_WHAT YOU SHOULD DO_:
Could you output each line below precisely as it stands, without the images?

_DATA SECTION_:
☆ ☆ ☆
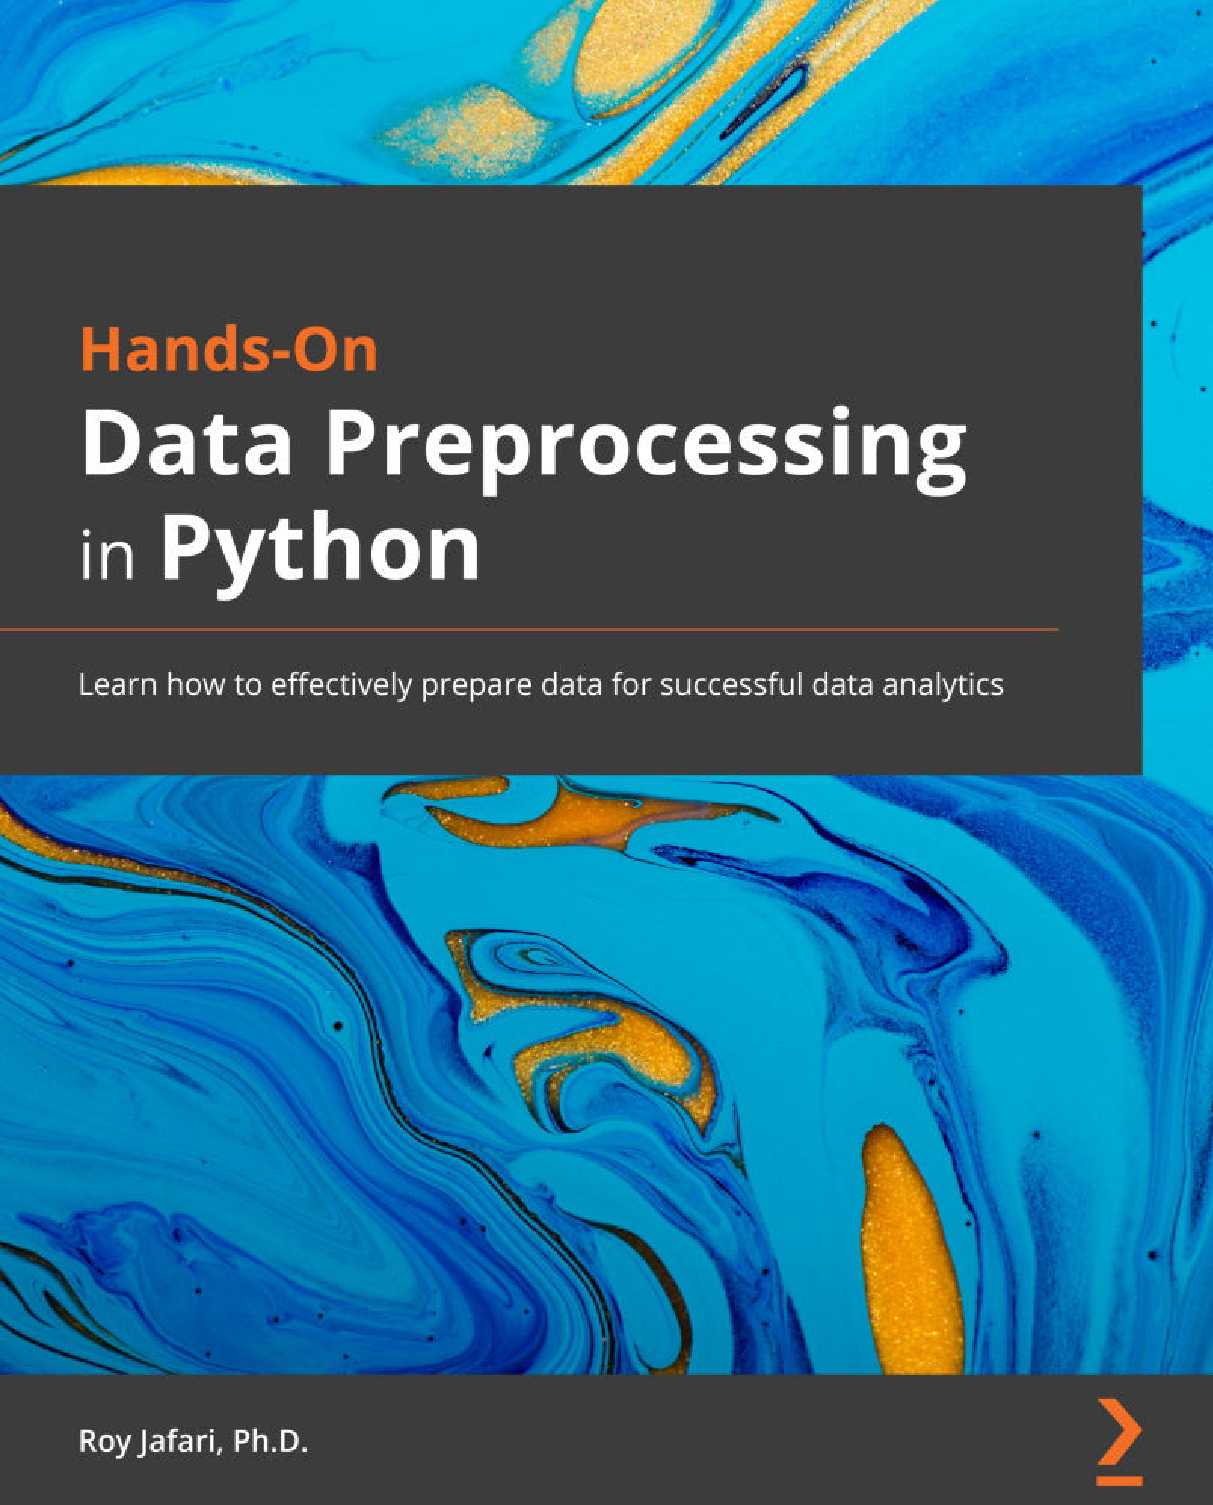 hands-on data preprocessing in python pdf download
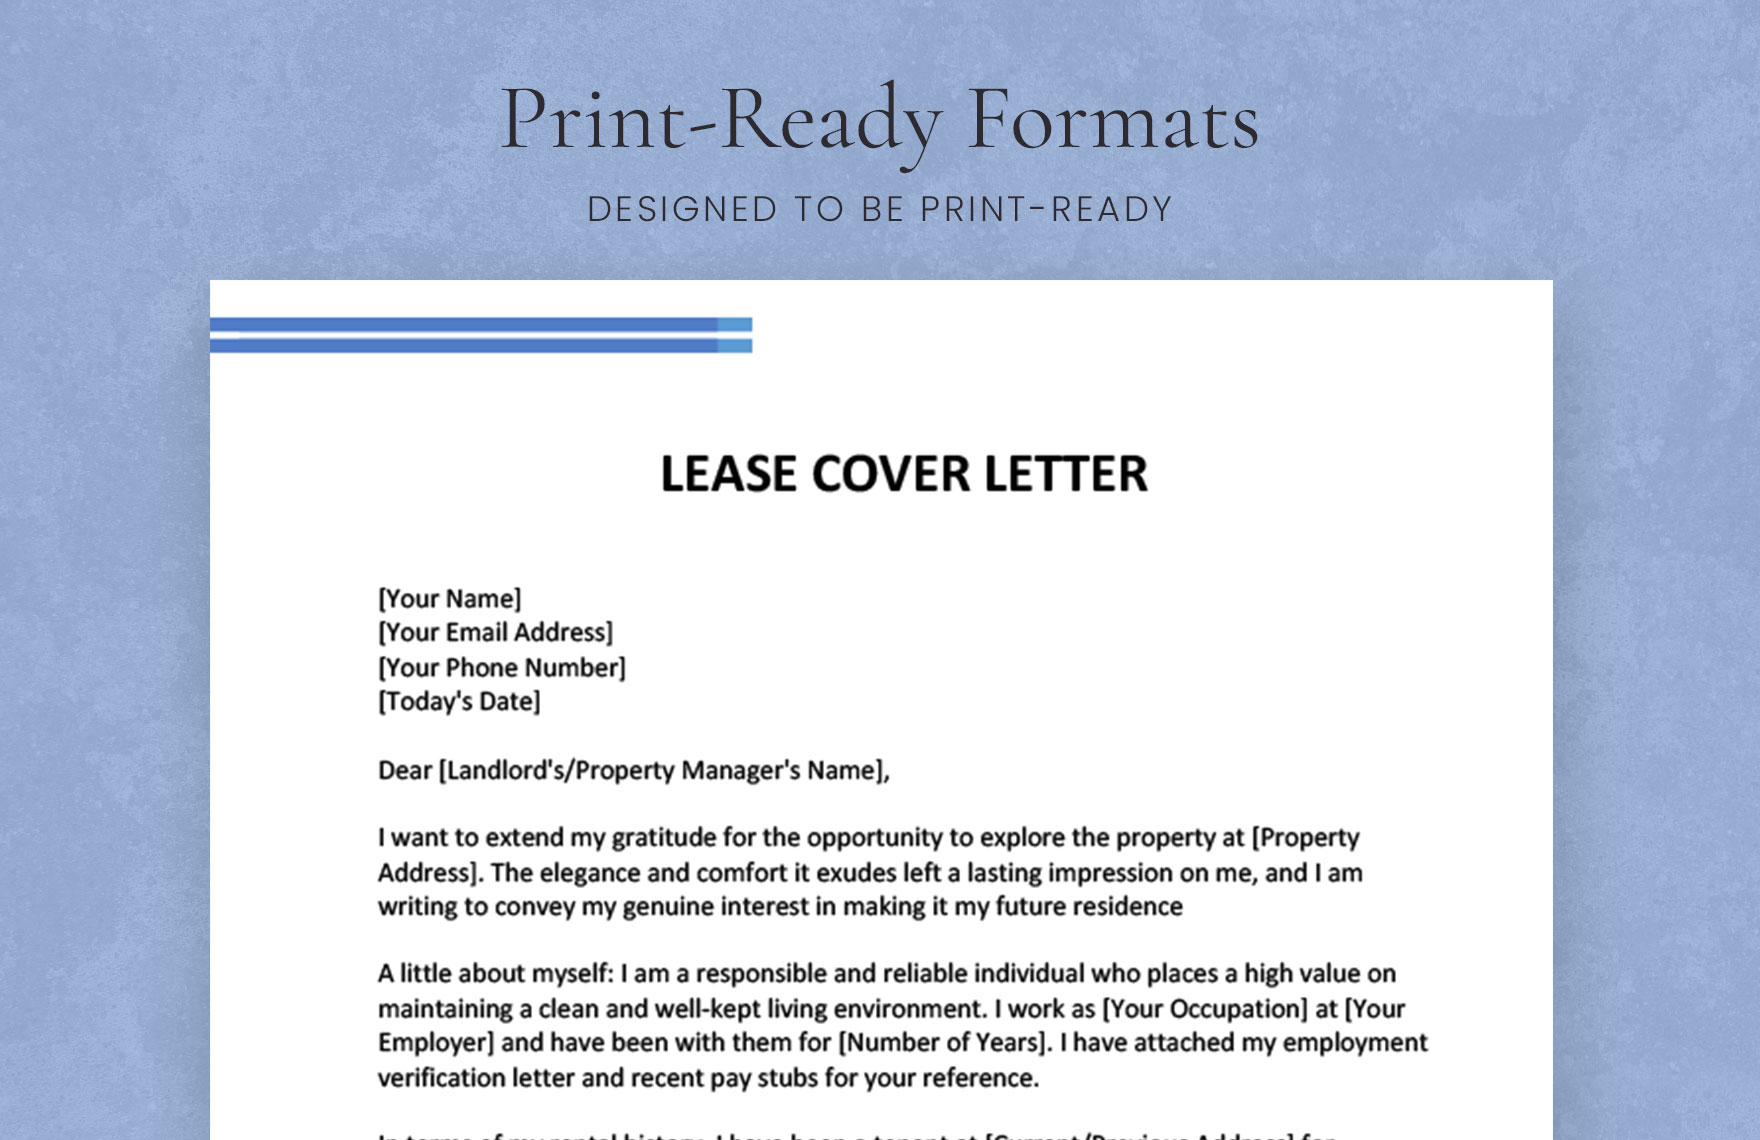 Lease Cover Letter
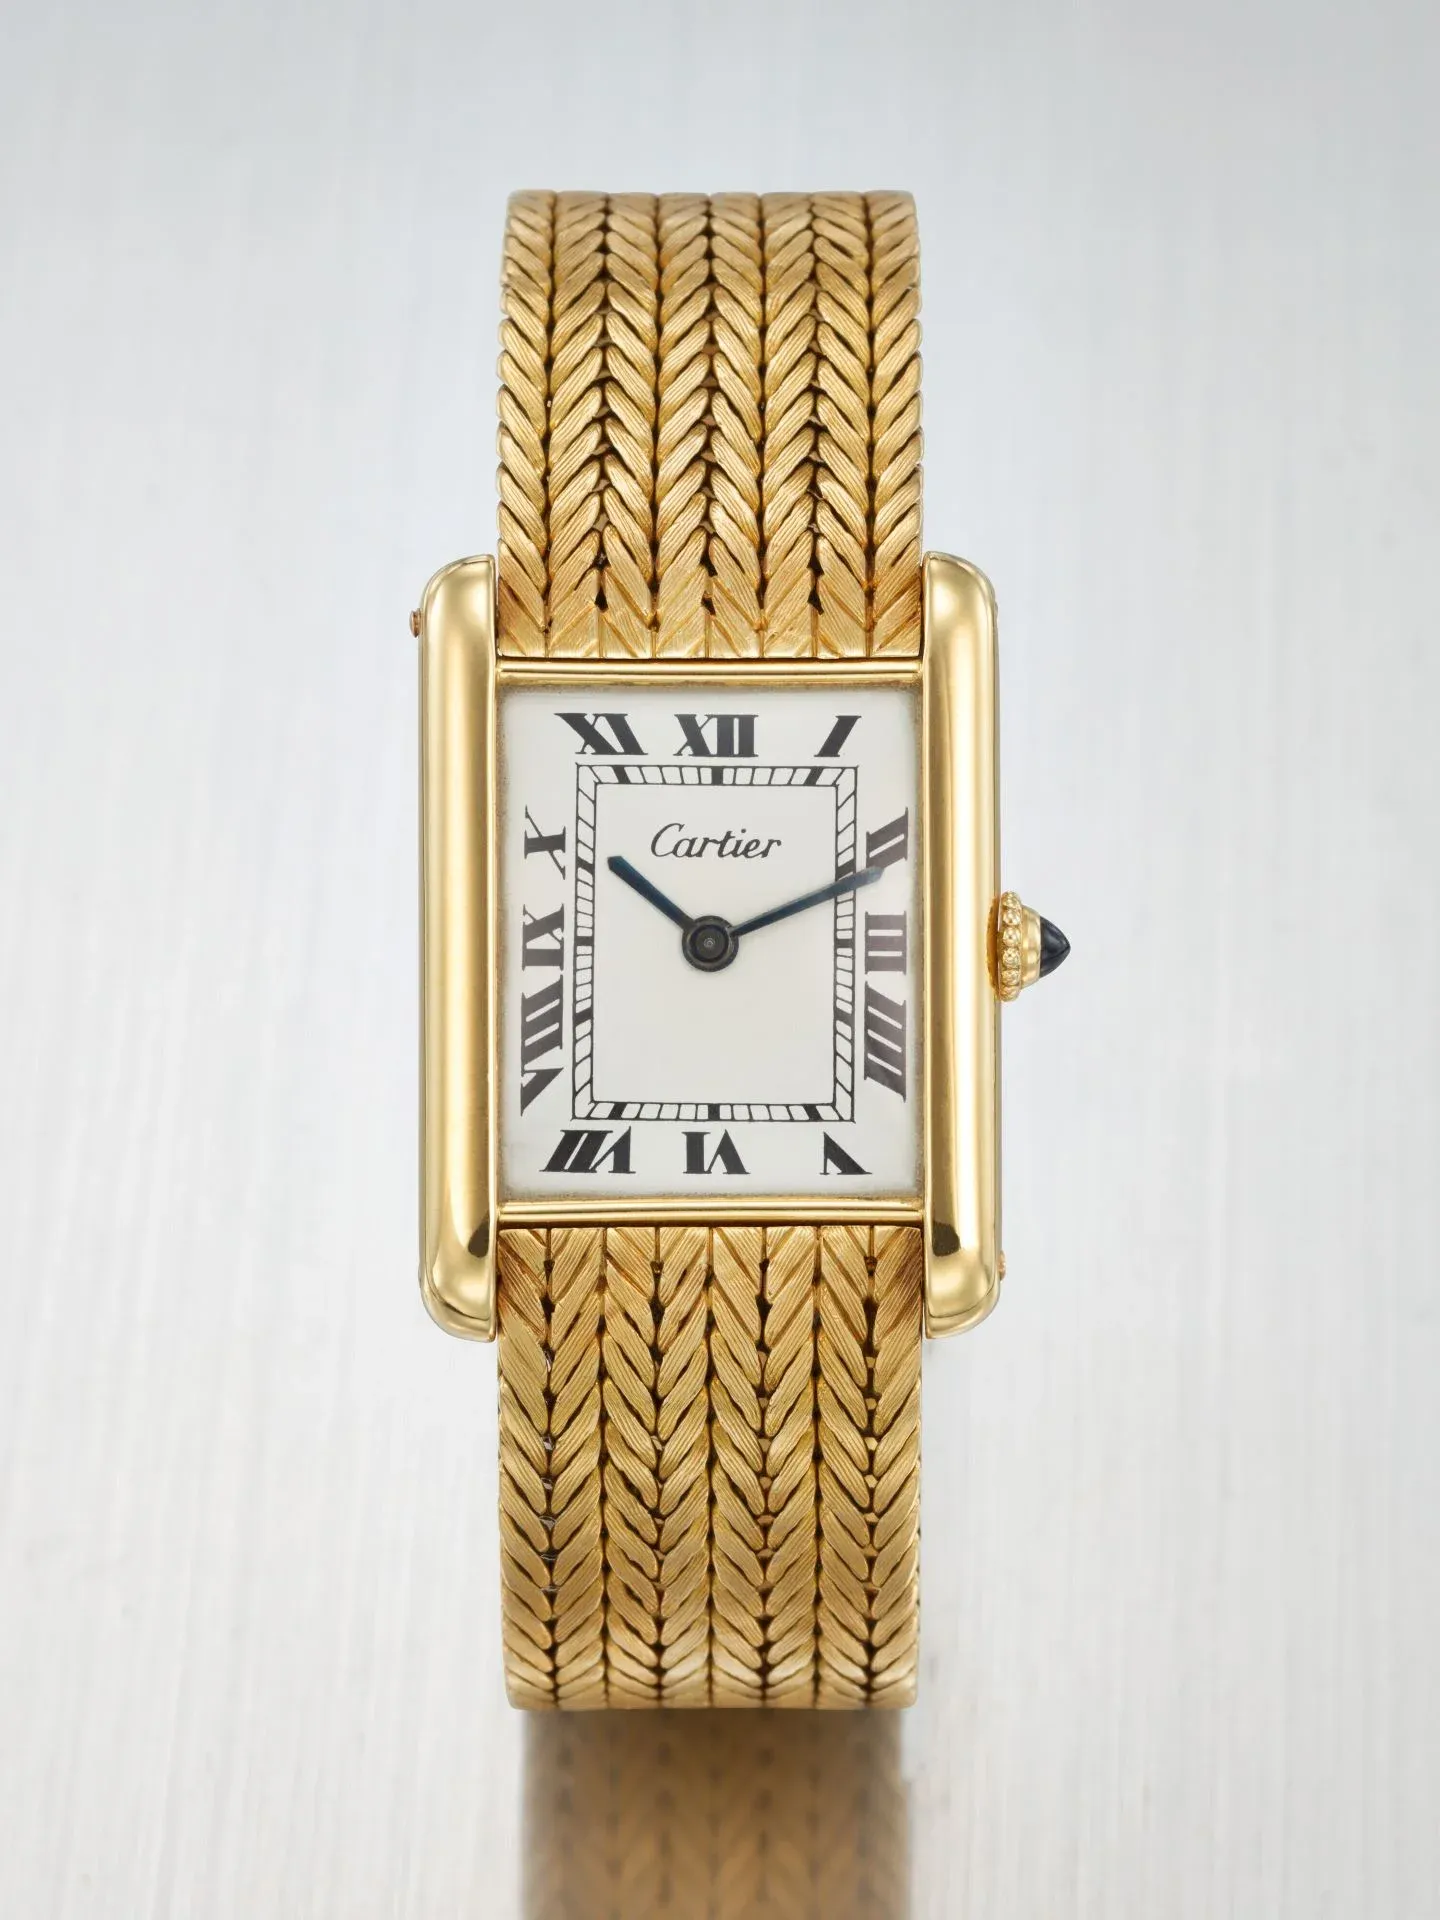 Cartier ‘Tank Louis’ ultra-thin, case and bracelet in 18K gold, signed Cartier London, 1971
☆ ☆ ☆
_SOLUTION FOR THIS PROBLEM_:
 hands-on data preprocessing in python pdf download
 Lease Cover Letter
 Cartier ‘Tank Louis’ ultra-thin, case and bracelet in 18K gold, signed Cartier London, 1971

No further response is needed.